What the task asks
Somewhere below, one line contains "HUNGARY - 1936" and a later line contains "Roast ham slice". Output those two lines and everything between them exactly, and nothing else.

Data supplied
+++++

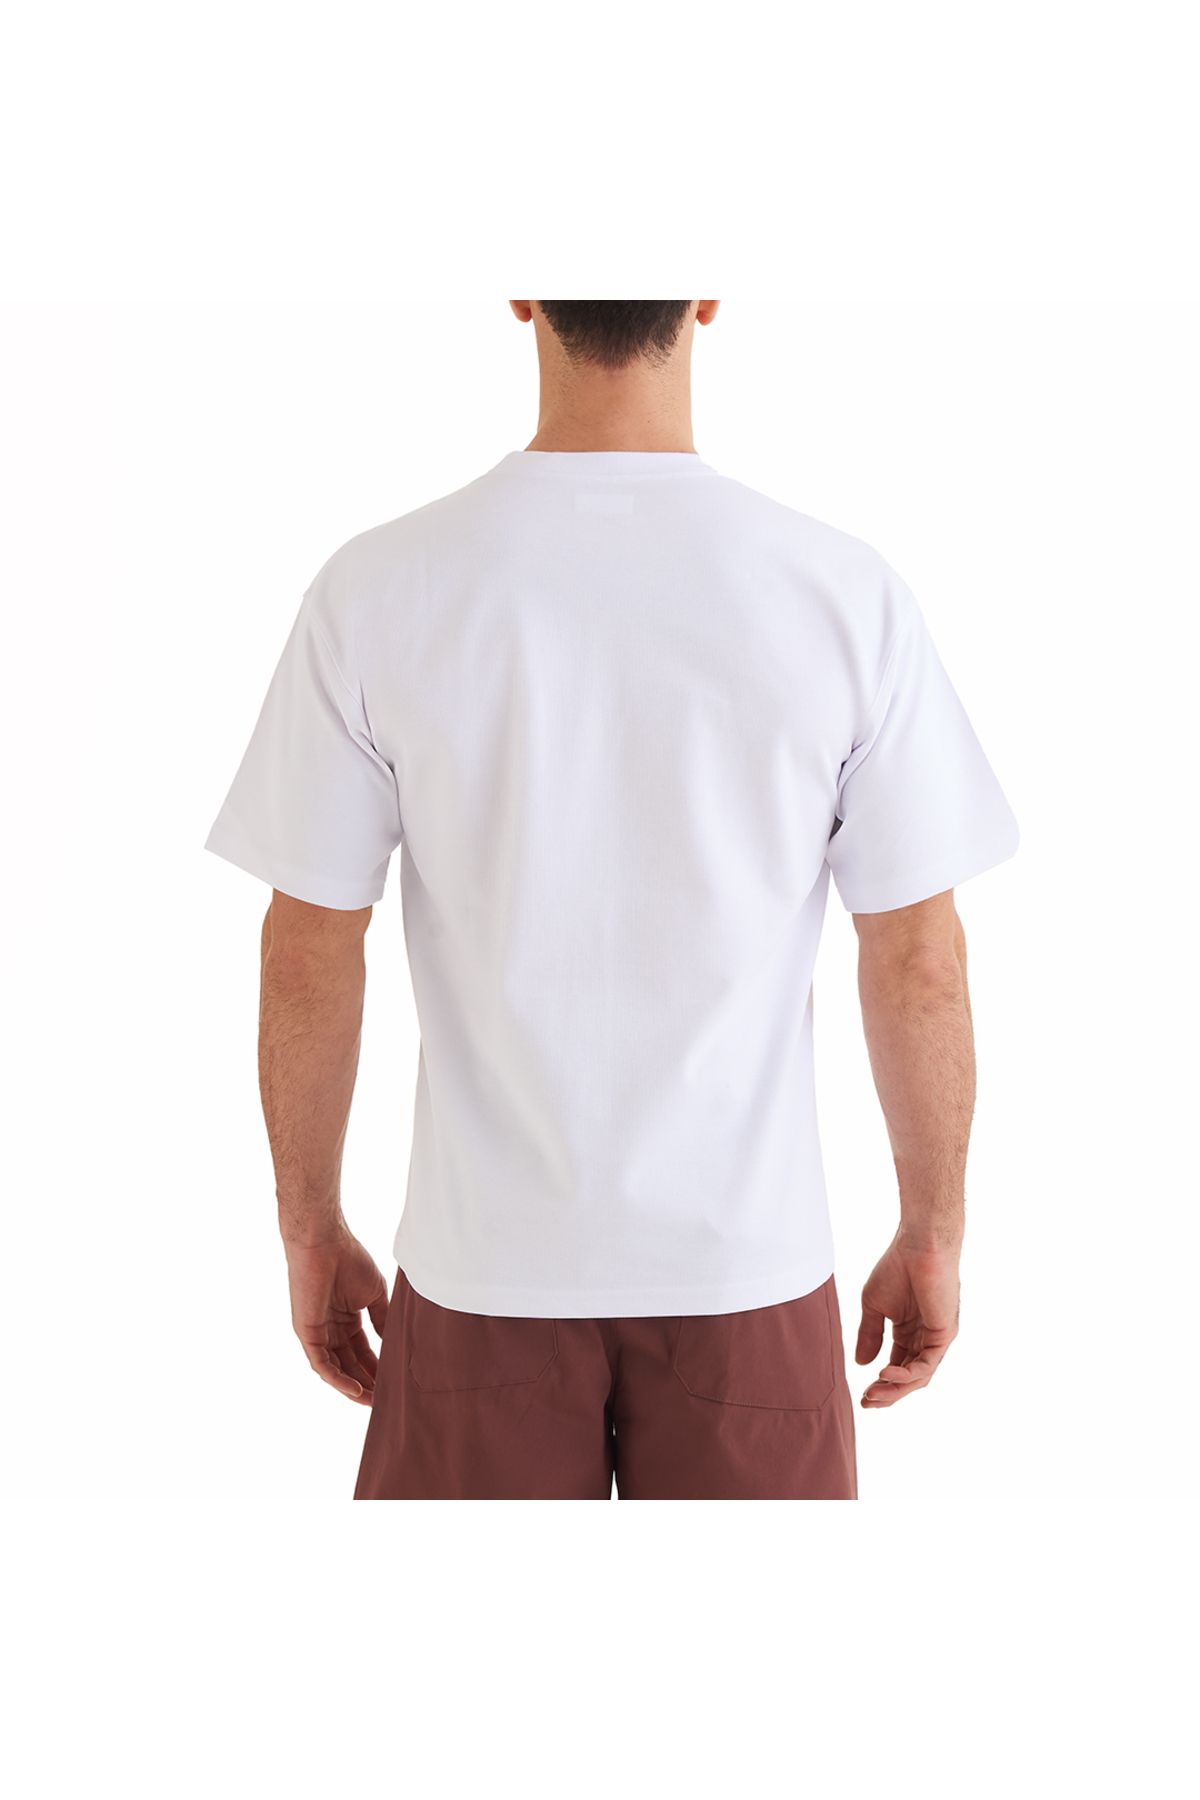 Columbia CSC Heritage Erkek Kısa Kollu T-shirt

+++++

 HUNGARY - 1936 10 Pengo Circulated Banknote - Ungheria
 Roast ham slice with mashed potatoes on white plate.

+++++

Response
 HUNGARY - 1936 10 Pengo Circulated Banknote - Ungheria
 Roast ham slice with mashed potatoes on white plate.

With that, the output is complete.